# Assigned task
Provide an exact copy of the data, excluding the images.

# Recorded information

---

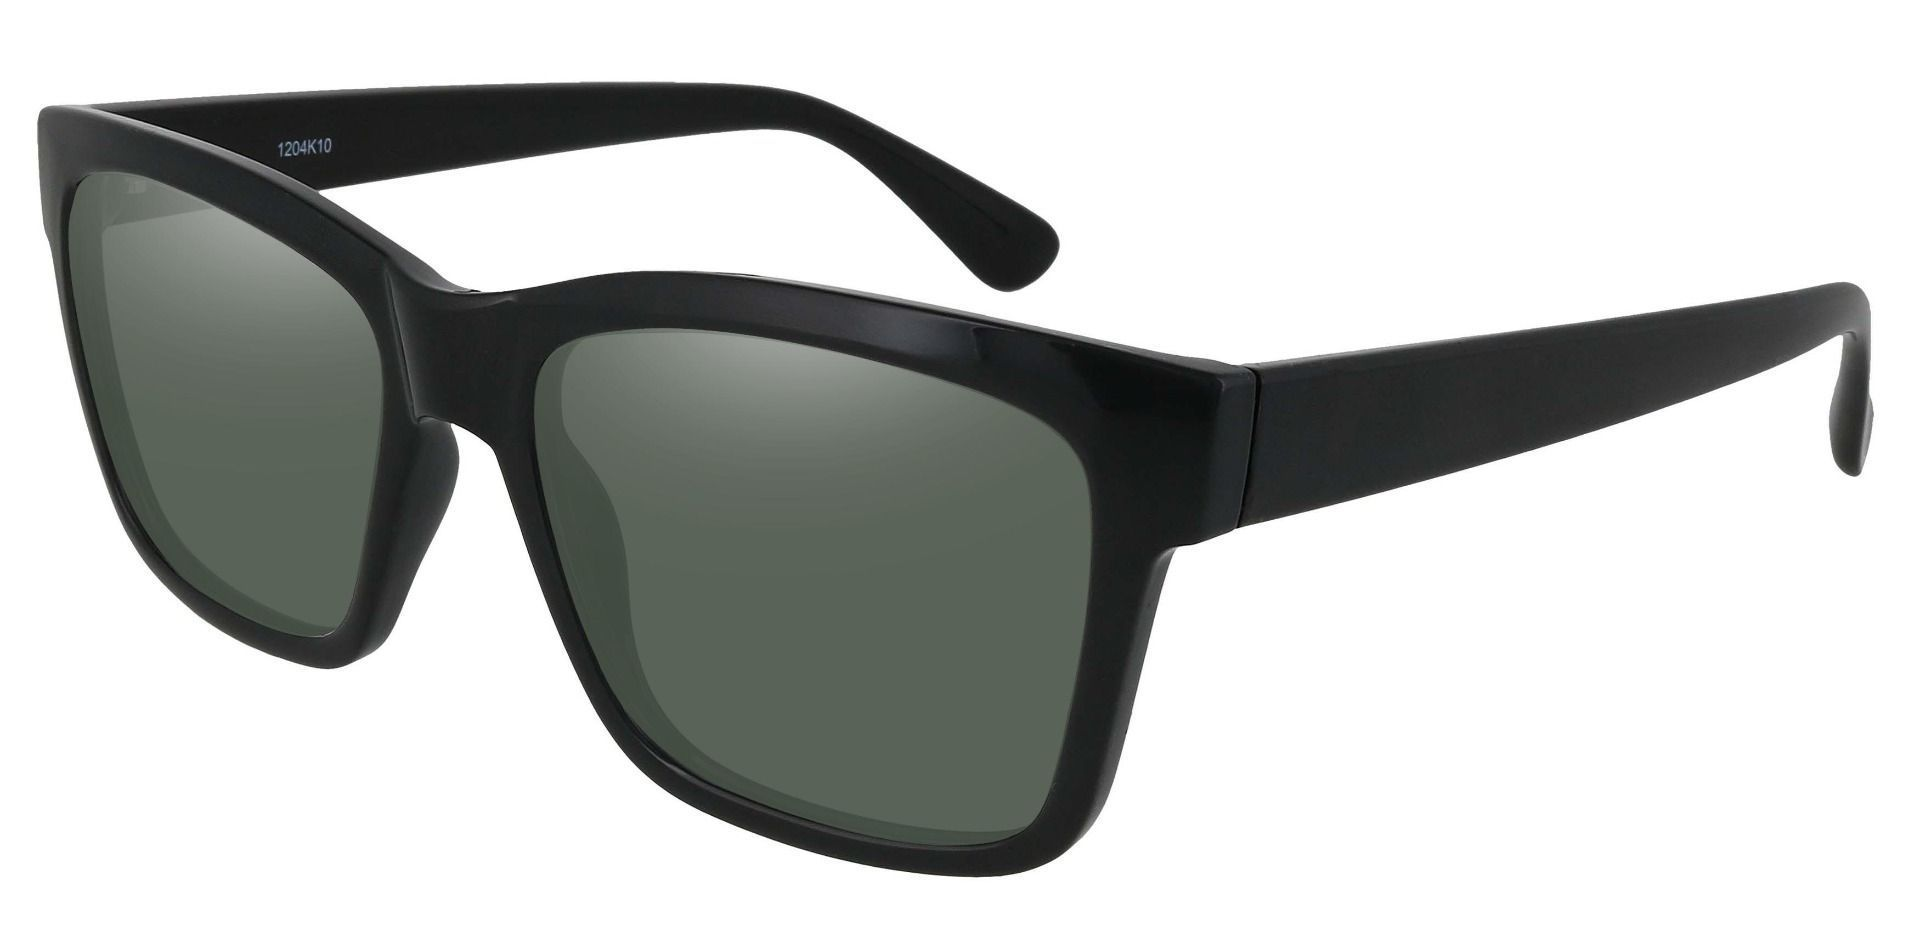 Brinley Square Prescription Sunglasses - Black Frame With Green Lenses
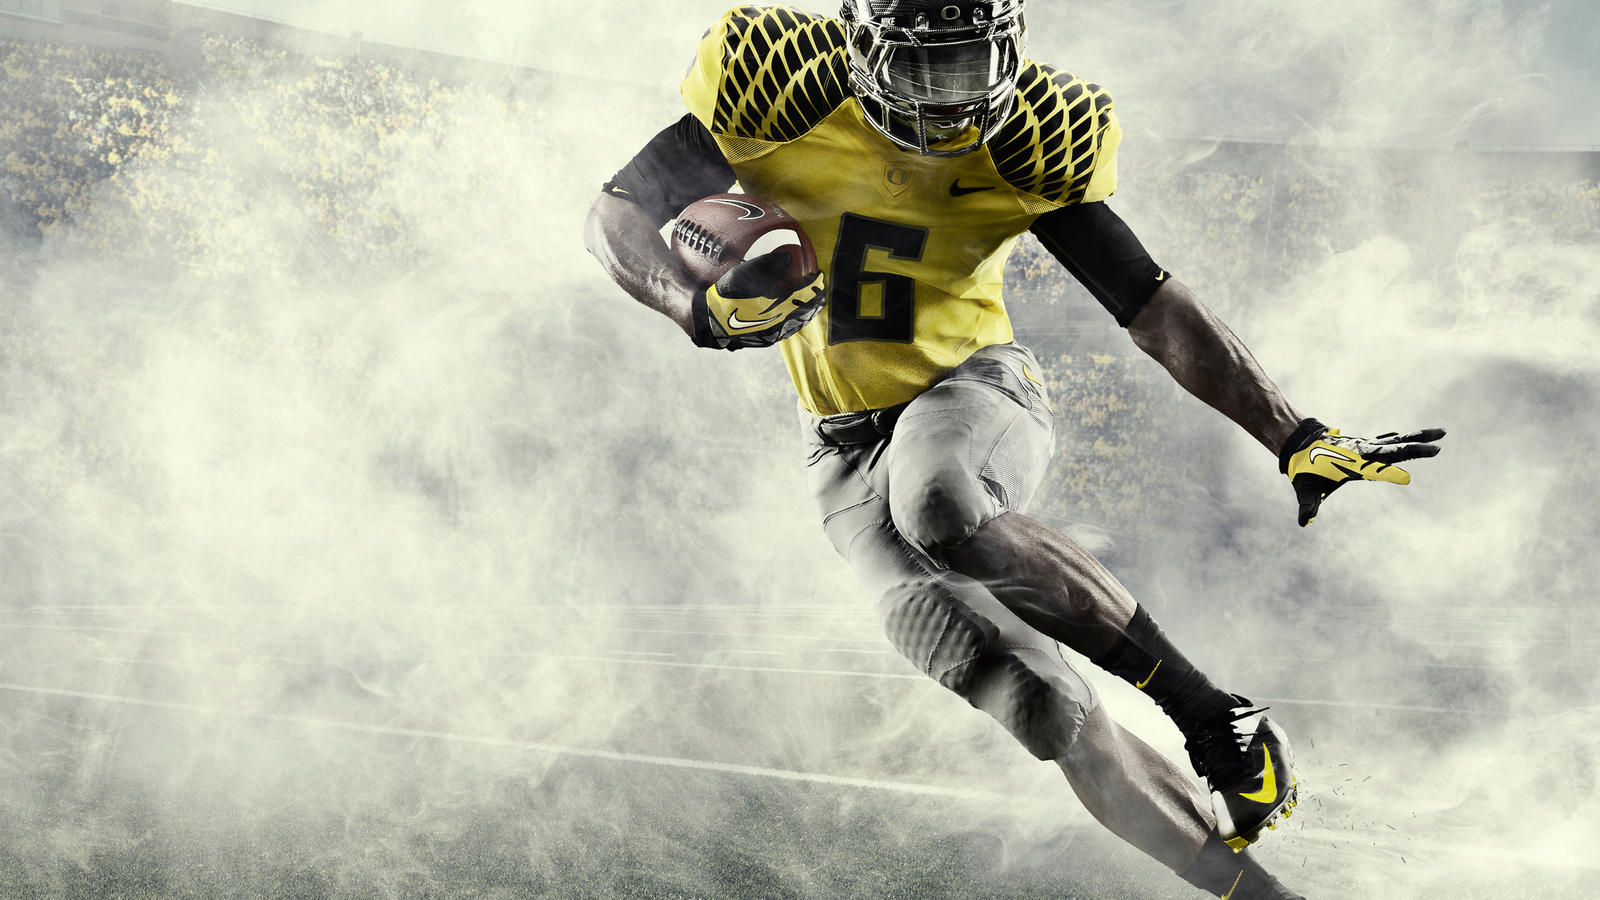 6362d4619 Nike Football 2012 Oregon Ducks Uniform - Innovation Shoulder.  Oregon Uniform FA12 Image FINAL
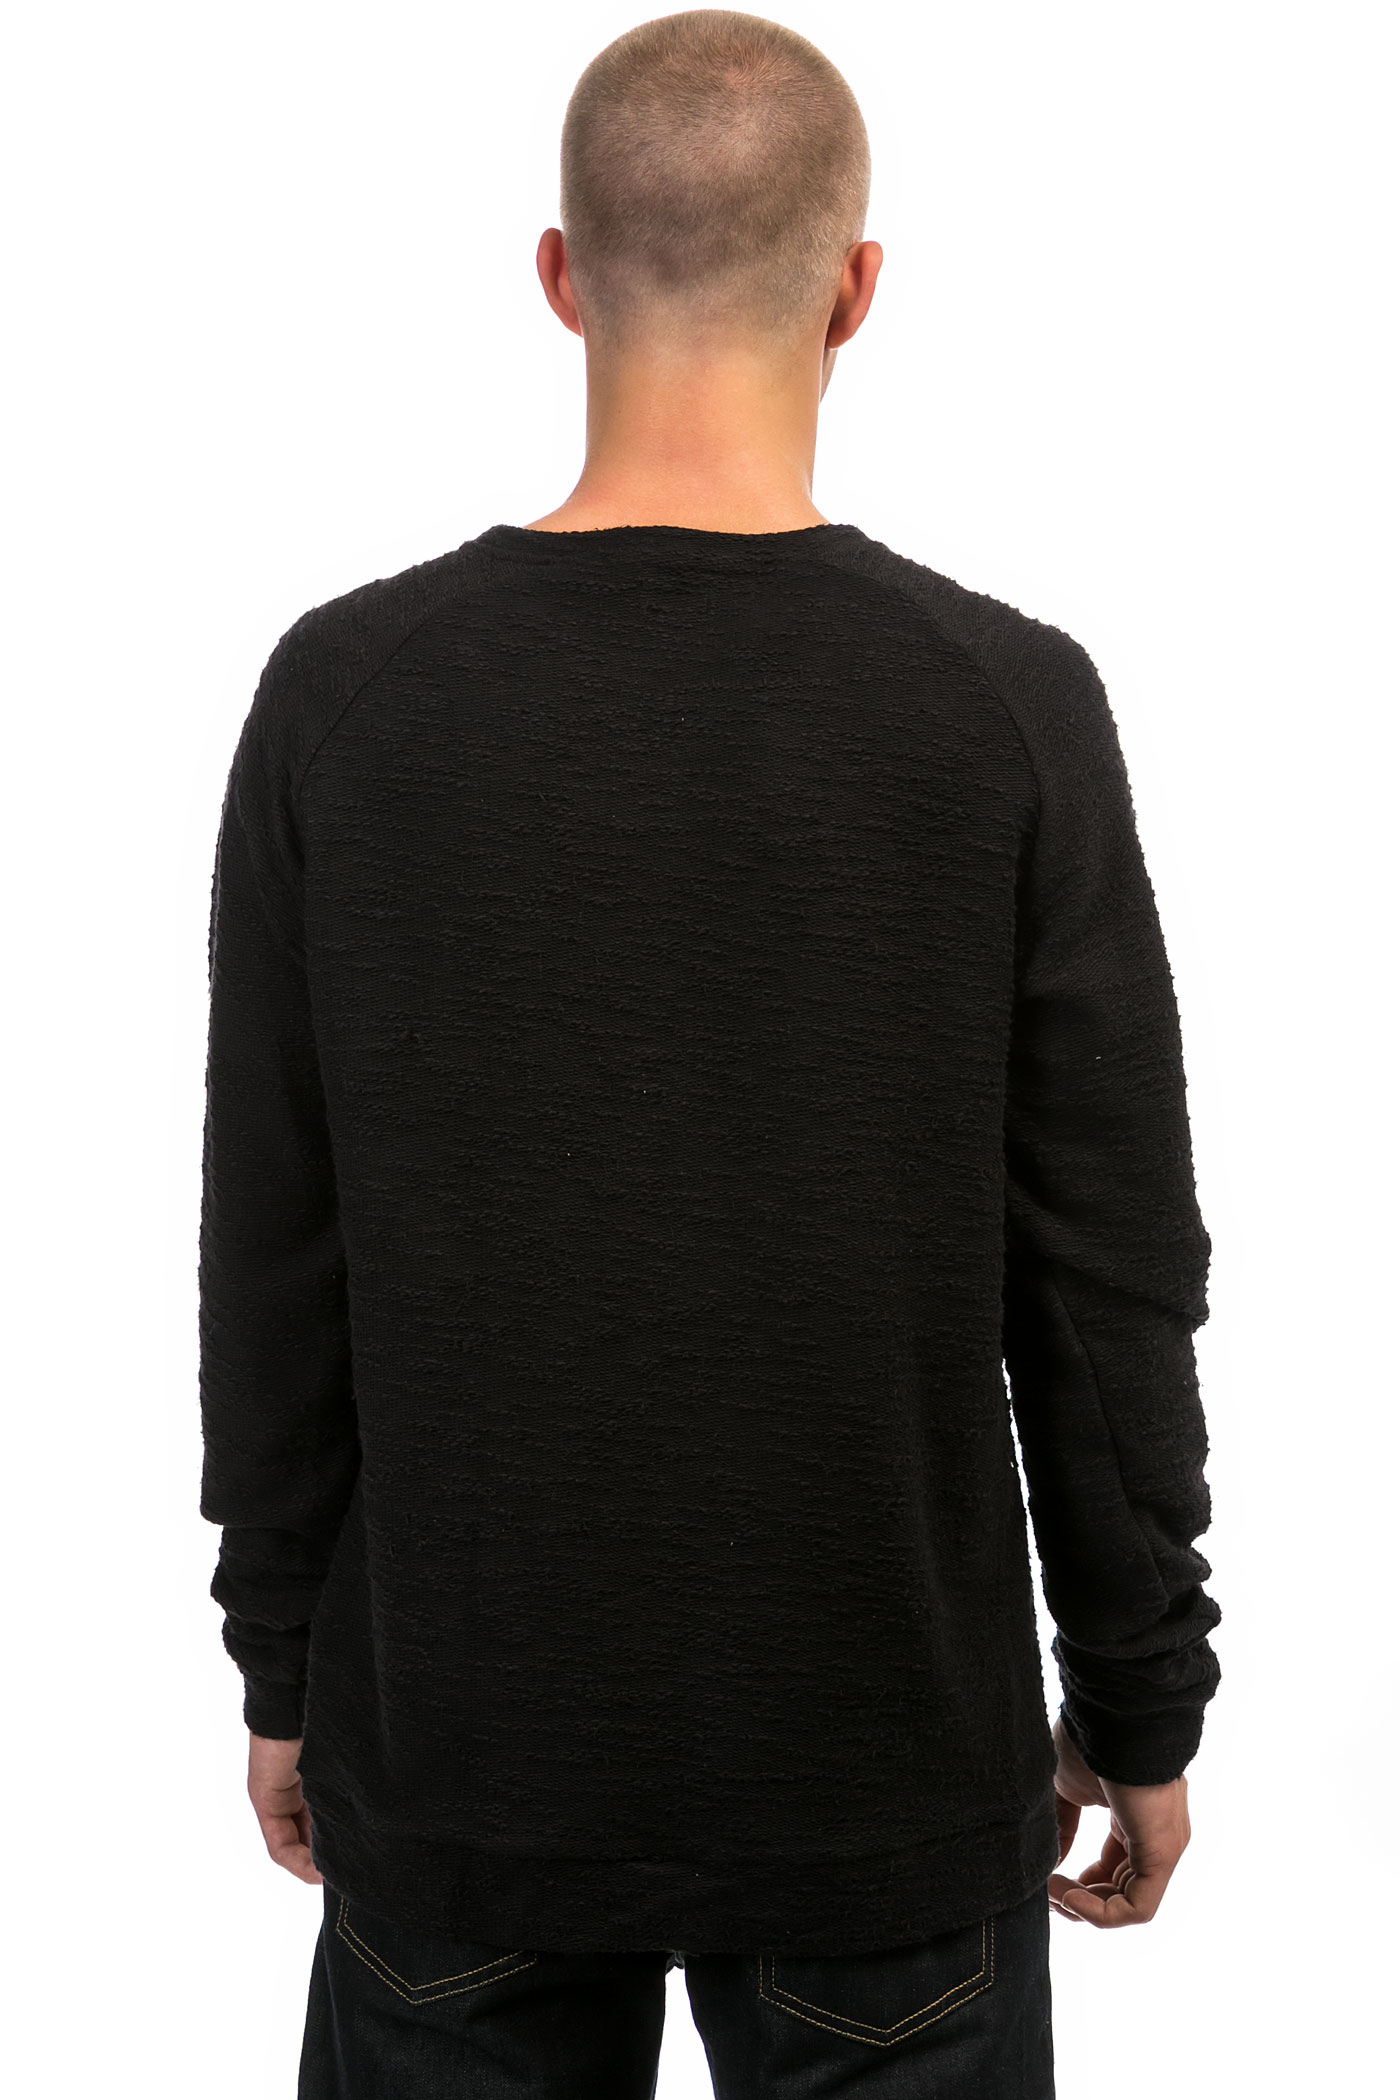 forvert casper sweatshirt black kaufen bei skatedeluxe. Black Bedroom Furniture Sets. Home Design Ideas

---

# Solution for this problem
 Brinley Square Prescription Sunglasses - Black Frame With Green Lenses
 6362d4619 Nike Football 2012 Oregon Ducks Uniform - Innovation Shoulder.  Oregon Uniform FA12 Image FINAL
 forvert casper sweatshirt black kaufen bei skatedeluxe. Black Bedroom Furniture Sets. Home Design Ideas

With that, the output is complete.